Он тихонько хмыкнул, продолжая перебирать ее волосы. Кайлин вздохнула и закрыла глаза. Она почти научилась различать, когда он всерьез на нее злится, а когда – лишь на самого себя.
– Я не могу простить себе той ночи, – вдруг серьезным голосом проговорил он и погладил ее по волосам, – не могу простить… что я такой.
– Какой?
– Небезупречный.
– Ты можешь быть каким пожелаешь, – в полусне от сладкой истомы пробормотала она, нежась в тепле его тела, – ты же бог.
Рука Рогара замерла в ее волосах.
– А что, если я не бог, Кайлин?
– А кто же ты? – усмехнулась она.
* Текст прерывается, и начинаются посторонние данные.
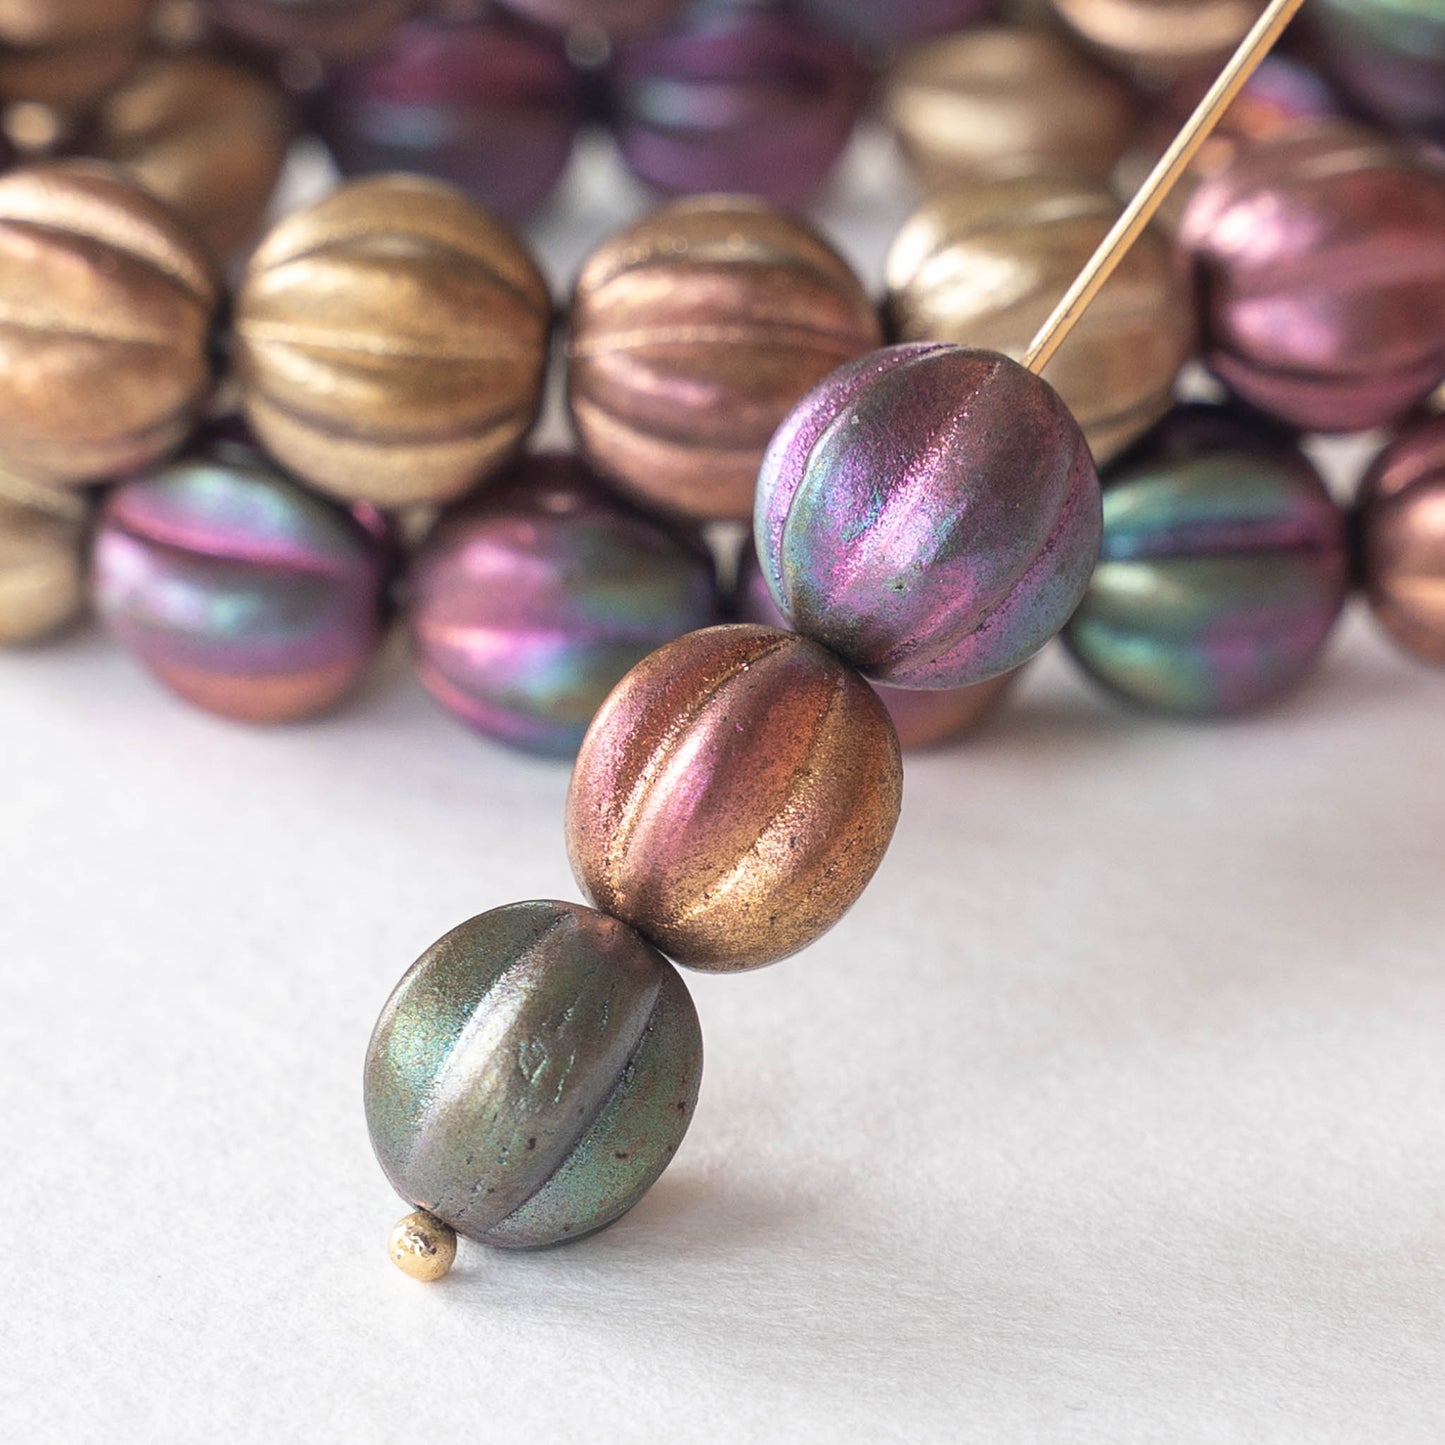 12mm Melon Beads - Metallic Bronze Iris Matte - 15 Beads

Внезапно в комнате повисла тяжелая, вязкая тишина, и Кайлин встрепенулась, вскинула голову: – Что ты хочешь сказать мне, Рогар?
Лежа под ней на спине, он долгим взглядом посмотрел ей в глаза.
– Что, Рогар? – заволновалась Кайлин. – К чему ты клонишь? Доверься мне. Я же тебе доверяю. И прошу: не закрывайся. Я не закрываюсь от тебя.
– Но ты не призналась мне в том, что я напал на тебя ночью, – спокойно произнес он, снова поигрывая с ее волосами.
– Потому что боялась как раз такой реакции. Что ты опять начнешь винить себя. Как в итоге все и случилось. Но в итоге я же тебе сказала! В лицо, как ты и хотел. А еще сказала, что не виню тебя ни в чем. Я знала, на что шла. И шла на это с открытыми глазами.
– Тебе было страшно? Той ночью? – голос у него стал вкрадчивым, как и движения руки в ее волосах.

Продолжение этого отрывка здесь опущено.